Facial expressions occur very quickly--sometimes within milliseconds of the stimulus that caused them.[2]

Facial expression is tightly linked to emotion, as many emotions, though not all, are communicated with others through facial expression. Although the basic emotions (joy, sadness, fear, surprise, and anger) are well-known, combinations of these can be expressed by humans and correctly interpreted. 21 of these categories have been found, including "happily surprised."[9]

Appraisal Theory[edit | edit source]

Although it often feels as though our emotions are directly caused by events in the environment, appraisal theory holds that emotions are the result of our appraisals of them.

Computer Simulations and Models of Emotion[edit | edit source]

The world has become accustomed to man-made machines (computers) that are responsible to do tasks according to its programmer. However, with technological advancements, machines mimicking human emotions have become a mysterious, controversial phenomenon throughout the years. How does one replicate complex processes caused by stimuli, and recreate a frame of mind through programming a machine?

Practically, it is impossible to account for every “if” and circumstance assessed by humans, in order for the ‘perfect’ cognitive model to be established. In other words, ‘emotion’ is defined by several factors that influence reactions from humans and animals alike, which is crucial to the programming process in a machine. Some factors include high-level programming languages, numerous and thorough experimentation, and physiological and biological consideration.[10]

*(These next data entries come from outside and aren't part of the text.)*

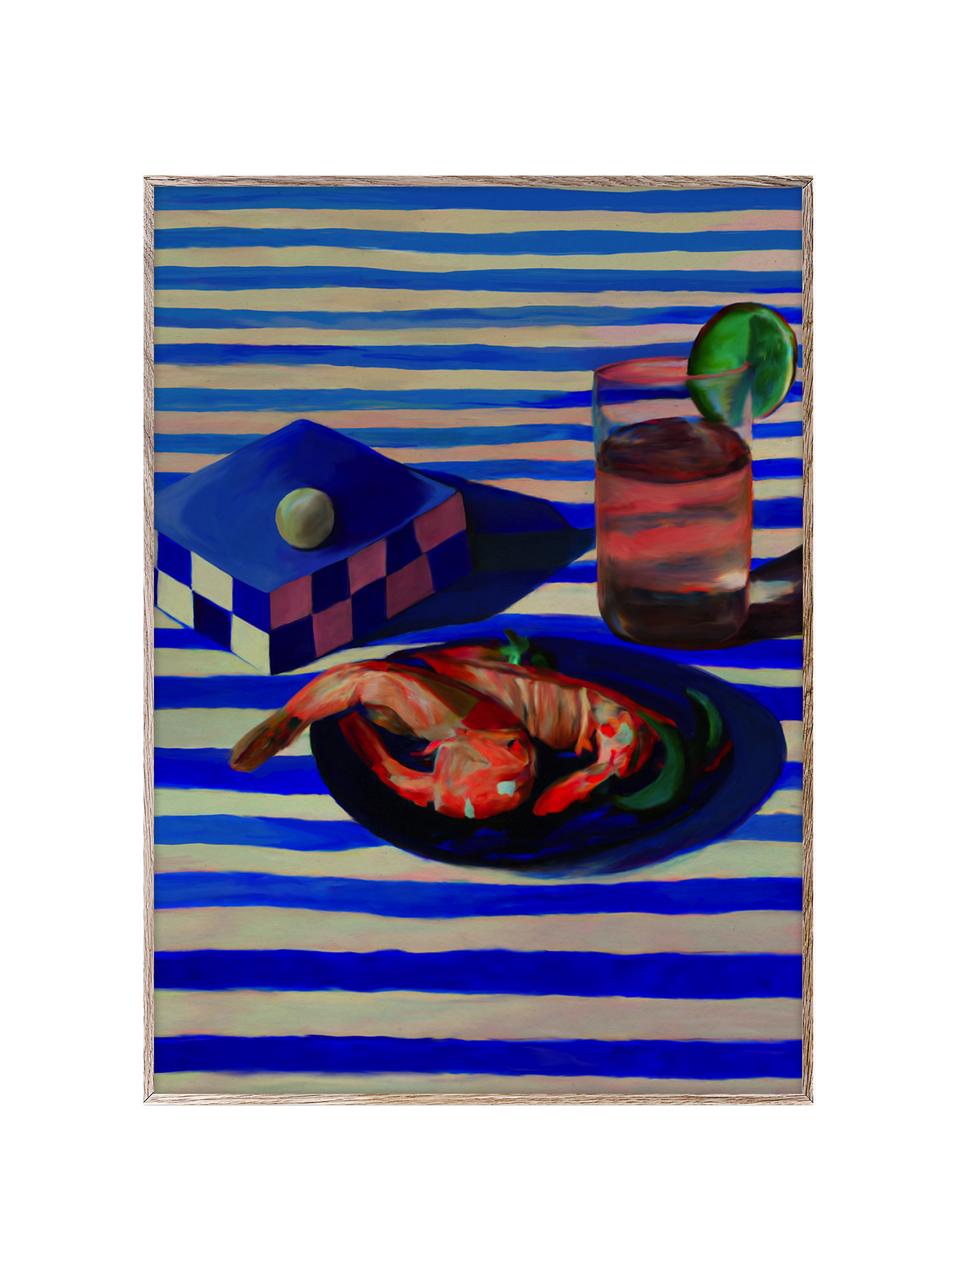 Póster Shrimp & Stripes, Papel Hahnemühle mate de 210 g, impresión digital a 10 colores resistentes a los rayos UV, Azul real, rojo coral, An 30 x Al 40 cm
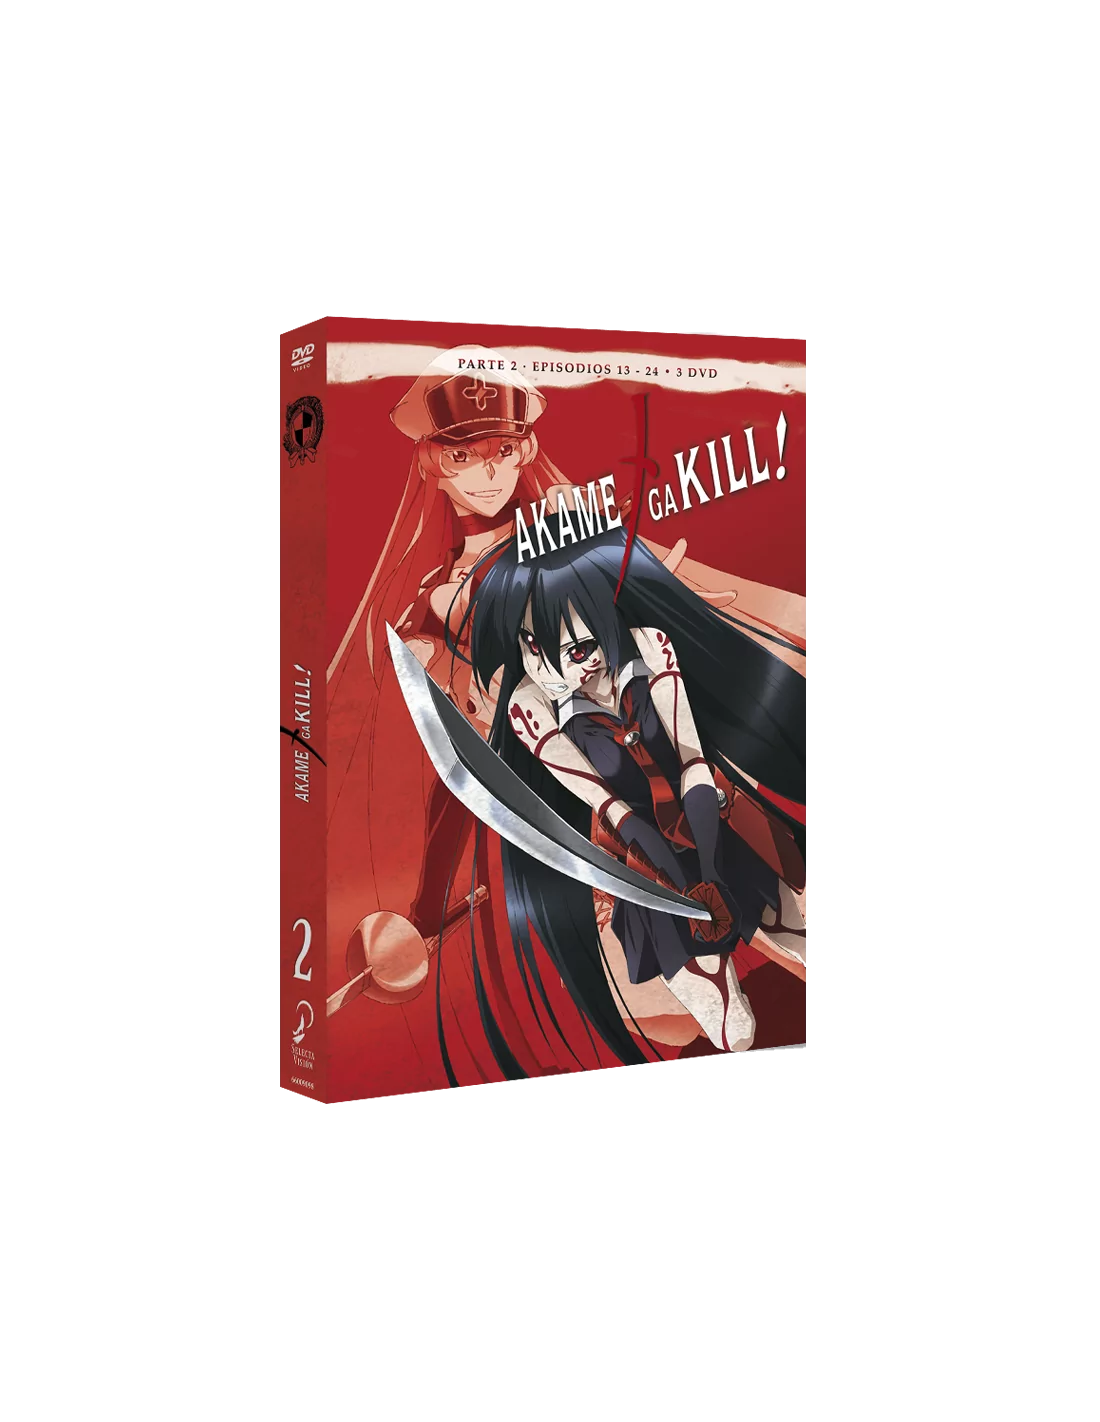 Akame Ga Kill Temporada 2 Episodios 13 A 24 [DVD] 8420266015112
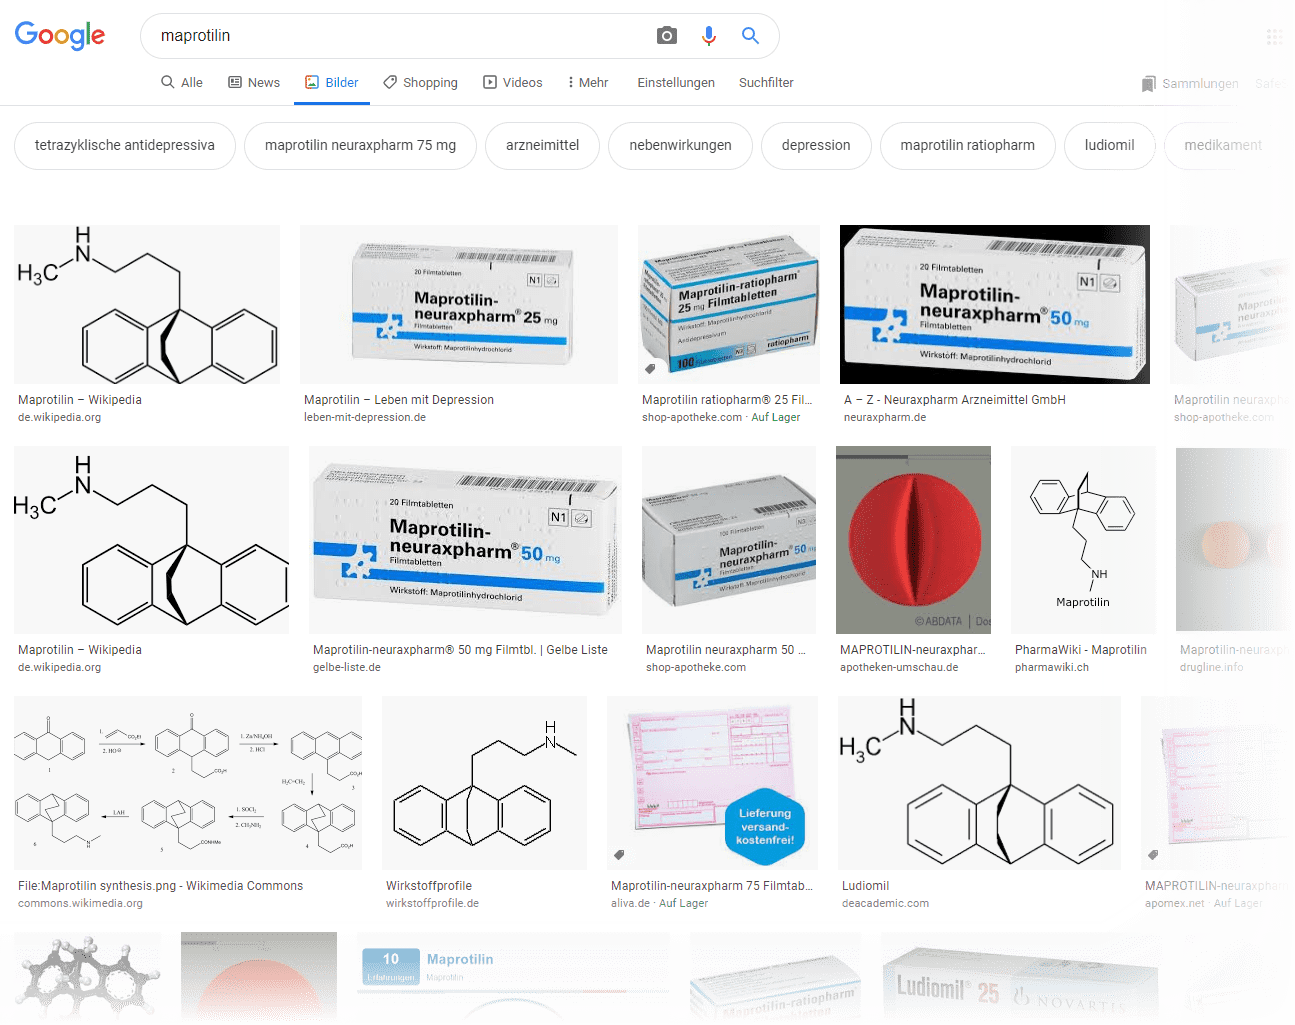 Maprotilin / Ludiomil - die Google Bildersuche zeigt Tabletten-Packungen verschiedener Hersteller (Screenshot 12.05.2020)

Artificial intelligence, also known as AI, have been able to do many human-like tasks, such as smiling and laughing. This has been able to occur through basic pre-existing technology like programmed motors and audio systems. However, how are more complex human emotions such as jealousy or fear, which are often a buildup of multiple emotions and feelings, able to be programmed within AI? How does one even start on designing a cognitive model that replicates such intricate emotions?

Quite simply, scientists have concluded that there are vast differences between replicating and feeling emotions.[11] In other words, we can program AI to “stretch the corners of [their] mouth laterally and hold for 10 seconds”[12] but this lacks the cognitive model that one truly needs to display emotions and instead, we associate smiling to happiness, thus, people assume that the robot is happy after doing that respective action. When replicating emotions, stereotyping human reactions to emotions is common as the complexity of feeling, is far too large of scope to completely attain.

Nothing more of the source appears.